In another randomized controlled study, 15 dogs were equally divided into 3 groups. In group I ( n=5 ), hypothermic crystalloid cardioplegic induction was undertaken followed by intermittent hypothermic crystalloid cardioplegia every 30 minutes during the CPB period. In group II ( n=5), the hearts were identically treated as group I except that a single normothermic dose of blood cardioplegia was given before aortic opening. In group III, normothermic blood induction cardioplegia was performed followed by intermittent hypothermic crystalloid cardioplegia every 30 minutes and a single normothermic blood cardioplegia dose prior to aortic cross clamp removal.

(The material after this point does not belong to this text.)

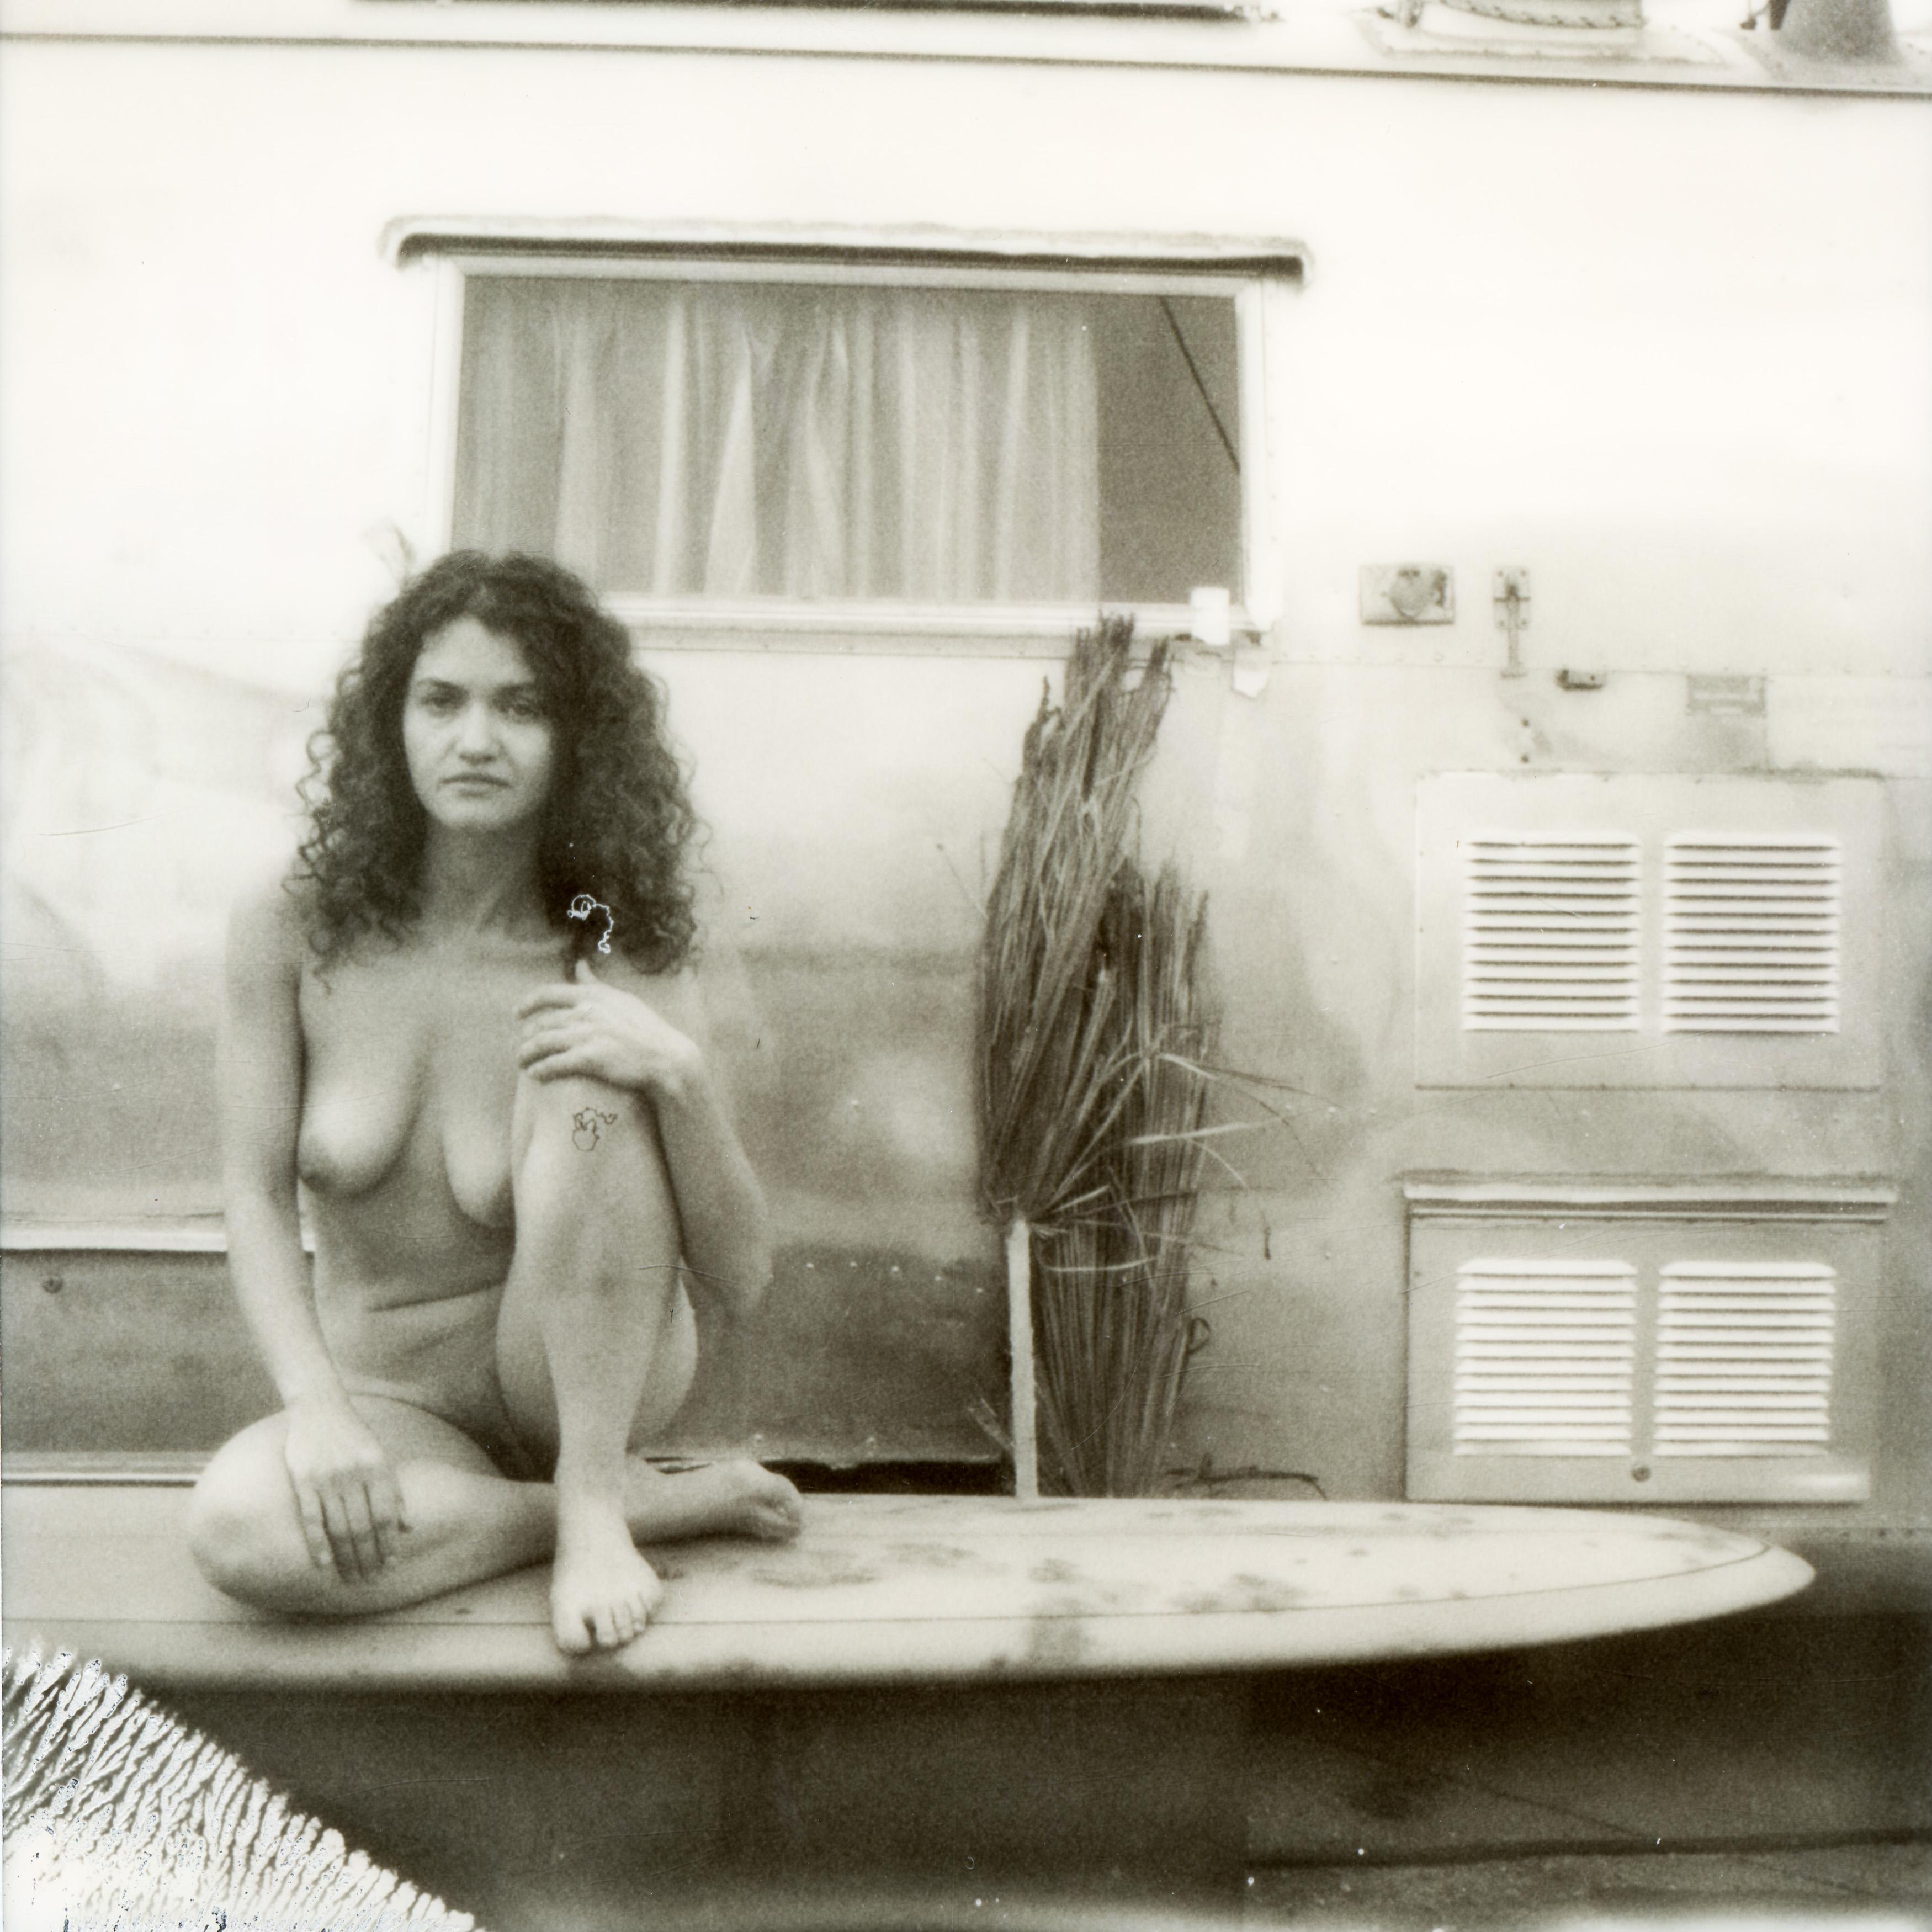 Kirsten Thys van den Audenaerde Nude Photograph - Breeze  - Contemporary, Nude, Women, Polaroid, 21st Century
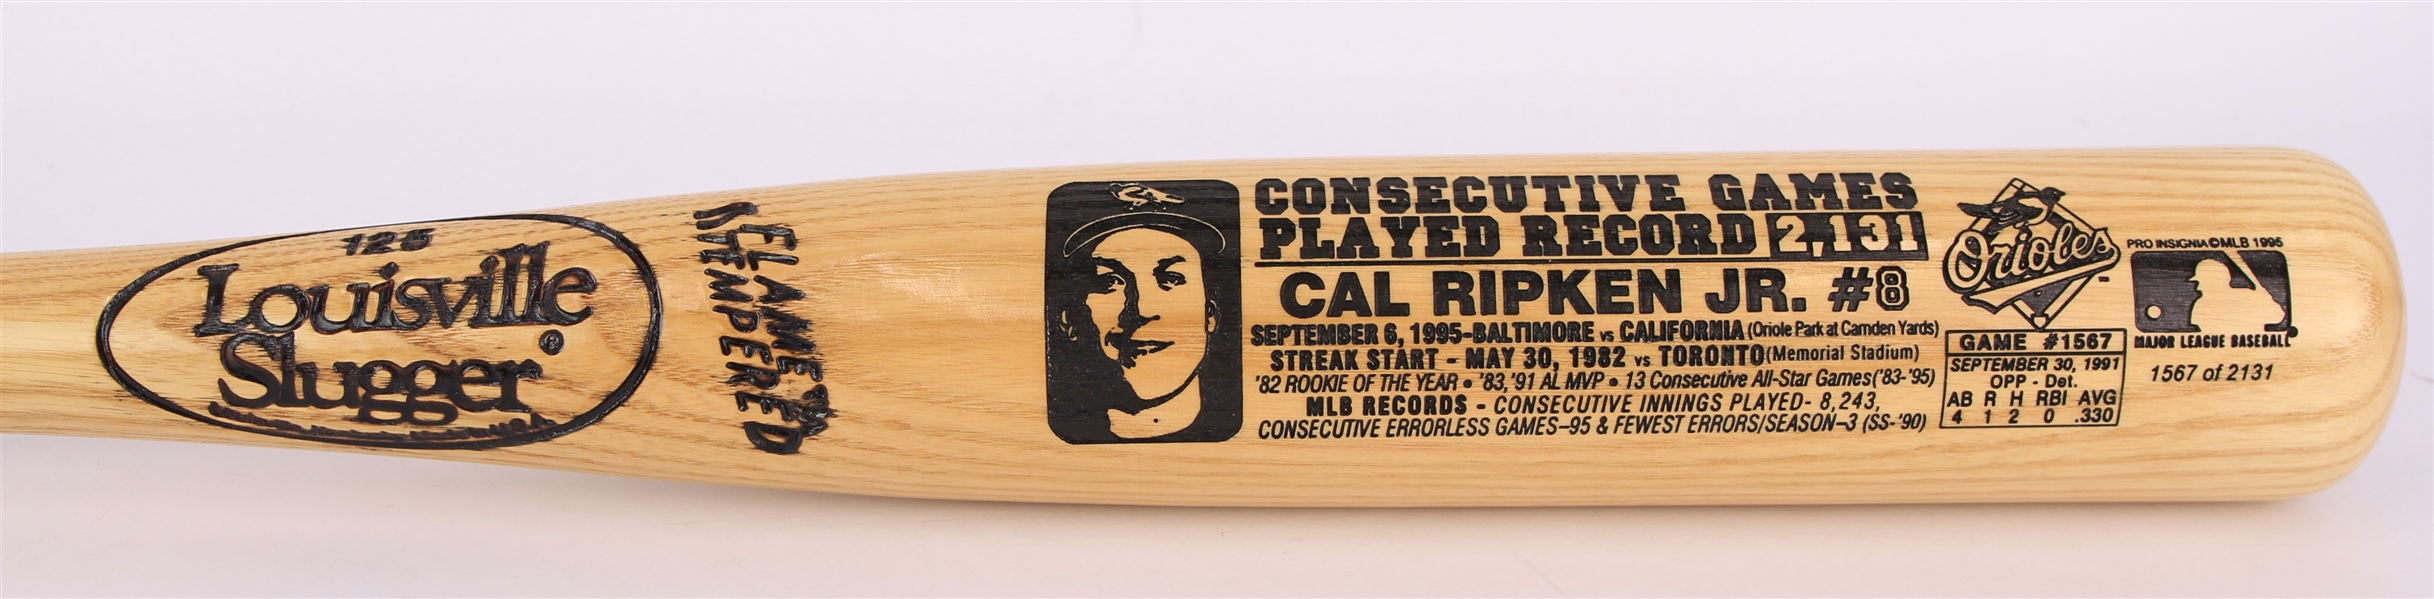 1991 Cal Ripken Jr. Baltimore Orioles Louisville Slugger Consecutive Game Played Record Commemorative Bat (1567/2131)

Myocardial metabolism, cardiac function and coronary circulation were evaluated. The study demonstrated a reduction in myocardial metabolism and improved systolic function in group II compared with group I. Group III demonstrated a superior protective effect not only in myocardial metabolism but also in cardiac function ( both systolic and diastolic ) and coronary circulation. The normothermic blood cardioplegia before aortic opening may increase the washout of intracellular calcium while normothermic arrest may prevent coronary spasm thus resulting in improved cardiac function. A clinical randomized controlled study in 20 patients undergoing valve replacement also demonstrated that normothermic blood cardioplegia had significant better protection in myocardial metabolism, enzyme release and myocardial ultrastructure.
III. Perfusate methods
Anterograde cardioplegic delivery may be impaired by coronary occlusion. Combined anterograde and retrograde cardioplegia has been developed and utilized clinically. A retrospective study in patients undergoing CABG at the Fu Wai Hospital showed better recovery (return of spontaneous heart rate) of arrested hearts that received cardioplegia in an intermittent fashion (90%, compared with that treated by simple anterograde delivery, which was 70%).
Recently, studies on pediatric myocardial protection have been carried out. They have proven that myocardial protection techniques used in adult patients do not have the same positive results in pediatric patients. The reasons are undoubtedly multifactorial but we have been focusing on the calcium concentrations and temperature of the cardioplegic solutions in these studies. Results are pending.